Startup time is important to developer experience because quick startup reduces the overhead of code and test cycles. In cloud production deployments, startup time dictates speed of scale-out and how quickly new server instances can handle requests.
In 2019, we have focused a lot of time and effort on Open Liberty startup time performance, resulting in huge improvements in a broad range of likely user scenarios. Startup time has been reduced by nearly 50% in some cases, with healthy double-digit percentage improvements pretty much across the board.
We set a goal to start Open Liberty in one second or less for simple configurations on processors used in current laptops and servers. The configuration we chose to use was a simple REST application that sends a response to an http ping request.
To reach our goal, we analyzed Open Liberty startup work along two dimensions:
Serial path-length: work required to initialize various components of the application server
Parallel execution: how startup work can exploit the available CPUs to execute initialization work in the shortest wall-clock time
Based on findings from this analysis, we optimized Open Liberty startup in three major ways:
Parallelized tasks that do not have serial dependencies, to use all cores available
Improved the algorithms and data structures used in some of the heavier tasks to reduce required startup work (path length)
Persisted startup work product to reduce processing required on the next startup when the server configuration does not change
The following graph provides a picture of what was done this year so far and how Open Liberty startup time improved over the past nine months or so. The graph starts in December 2018 when our startup time using Open Liberty with the OpenJ9 JVM was just under two seconds for a simple REST application that just responds to a ping. You can see that there were steady improvements done throughout the year, and with the 188.8.131.52 version of Open Liberty and the current version of OpenJ9 JVM, we managed to cut that startup time to our goal of almost exactly one second. The progression in startup times shown in the graph used the shared classes cache feature in OpenJ9 and are showing the “warm” run results. When using the shared classes cache, the population of the cache happens in what is known as the “cold” run and the contents of the cache get used in subsequent “warm” runs.

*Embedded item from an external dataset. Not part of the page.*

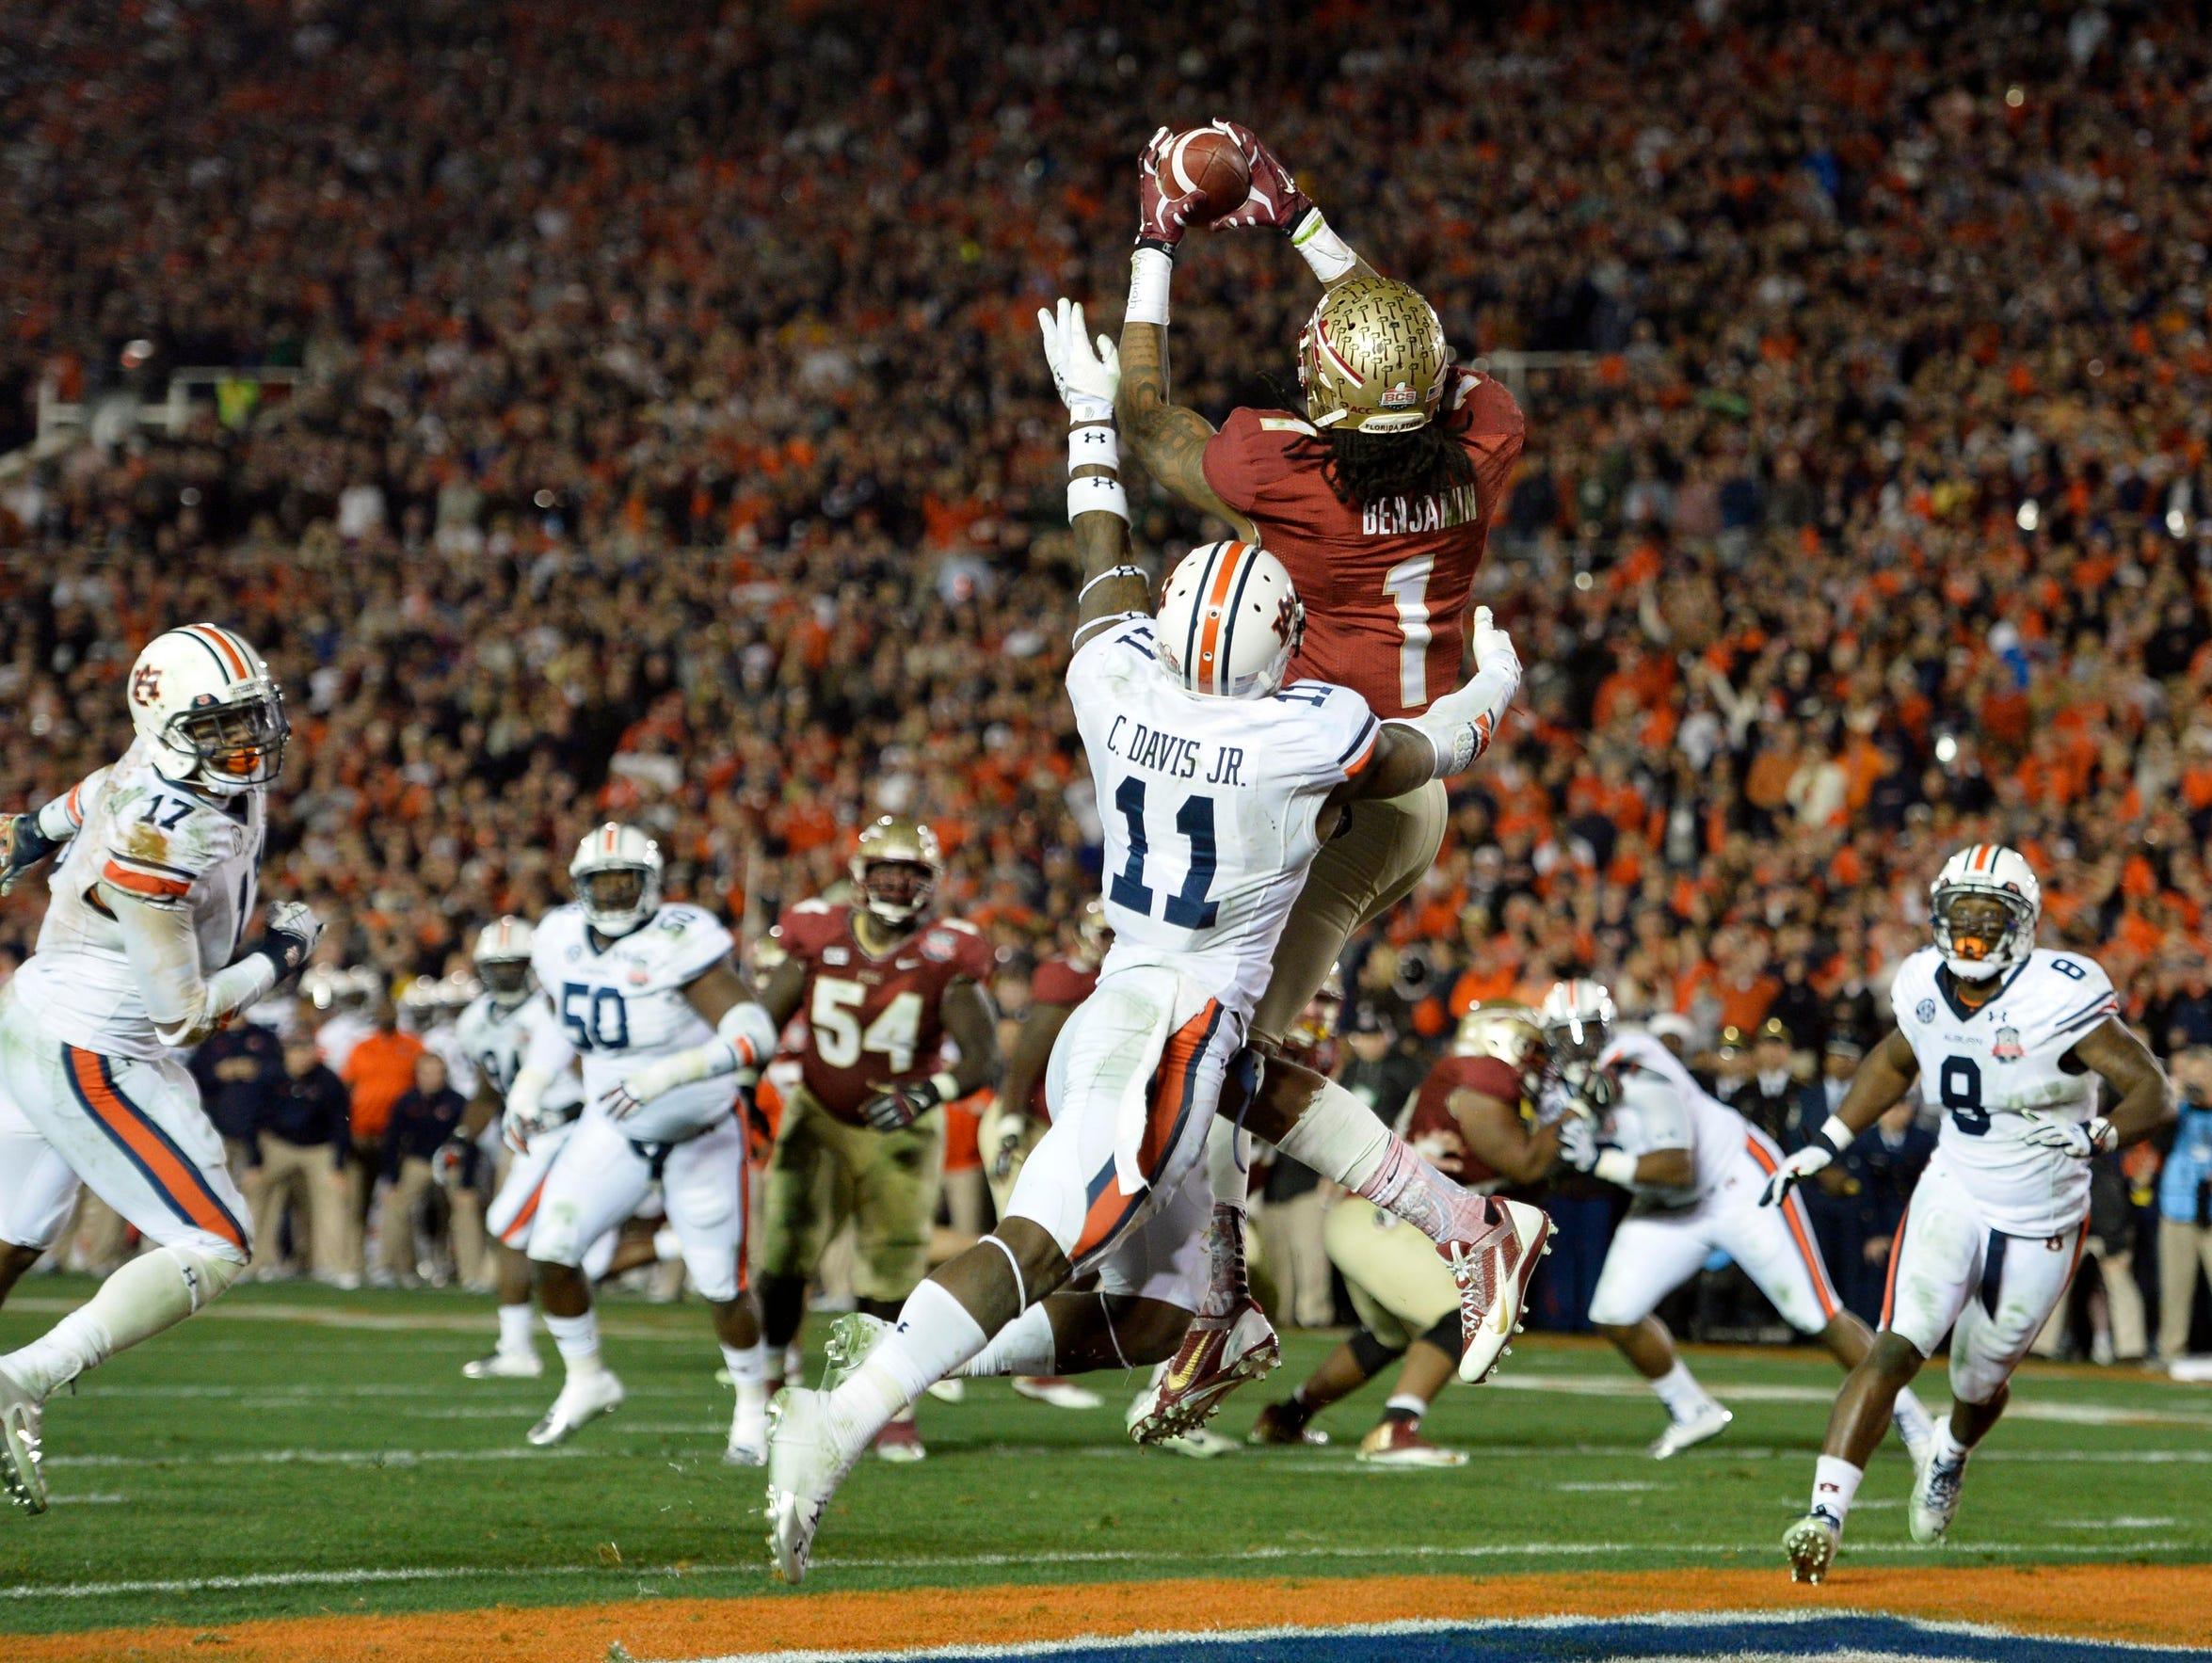 Former Florida State wide receiver Kelvin Benjamin

You can also see the approximate timeframe in which the most prominent of these improvements were delivered. From an OpenJ9 perspective, we improved the performance of Ahead-Of-Time (AOT) compiled code substantially and also generated more AOT code this year. Additionally, we reduced garbage collection and class verification overhead during startup time. From an Open Liberty perspective, the most impactful change was to start some of the OSGi bundles in parallel, thereby cutting the time spent in the OSGi framework very substantially. Another focus area was annotation processing where we reduced the amount of work that was being done at run time by moving most of it to product build time instead. Finally we started caching OSGi metadata and feature manager metadata to help reduce the amount of processing that is done when the server configuration does not change.
The changes that were made as part of this effort were general enough to apply to several different applications and scenarios. In the following graph, we show the relative improvements observed from these changes in several key out of the box configurations for Open Liberty as well as the Daytrader8 and Daytrader7 applications. Solid double-digit improvements are seen in every case which confirms the broad applicability of these changes to the customer base using Open Liberty.
Comparison to other Java EE application servers
As a result of these changes, Open Liberty startup time is better than all the other Java EE application servers that we experimented with. Since different application servers may report that the core framework has started when different stages of work have completed, it is better to measure startup time as the “time to respond to the first request” instead. This normalizes for differences where an application server might postpone some of the initialization activity until it needs to do the work associated with an actual request. Using this definition of startup time, the following graphs show performance comparisons using both the OpenJ9 and HotSpot JVMs.
For the OpenJ9 results, all application servers were configured to use the shared classes cache feature. You can see that Open Liberty starts up faster than the other application servers shown regardless of the JVM used and that the startup time is faster with OpenJ9 compared to HotSpot in all cases.
Conclusion and future enhancements
As a general rule-of-thumb, it is a good idea to consider upgrading to newer versions of Open Liberty to pick up performance enhancements that get released on an on-going basis. In the future, we intend to continue making improvements to Open Liberty startup time that will significantly benefit more complex applications with many classes and features being used. In particular, there is some work underway to start more OSGi bundles in parallel and to implement a new annotation scanning engine with caching capability that improves the startup time for applications that use the CDI feature.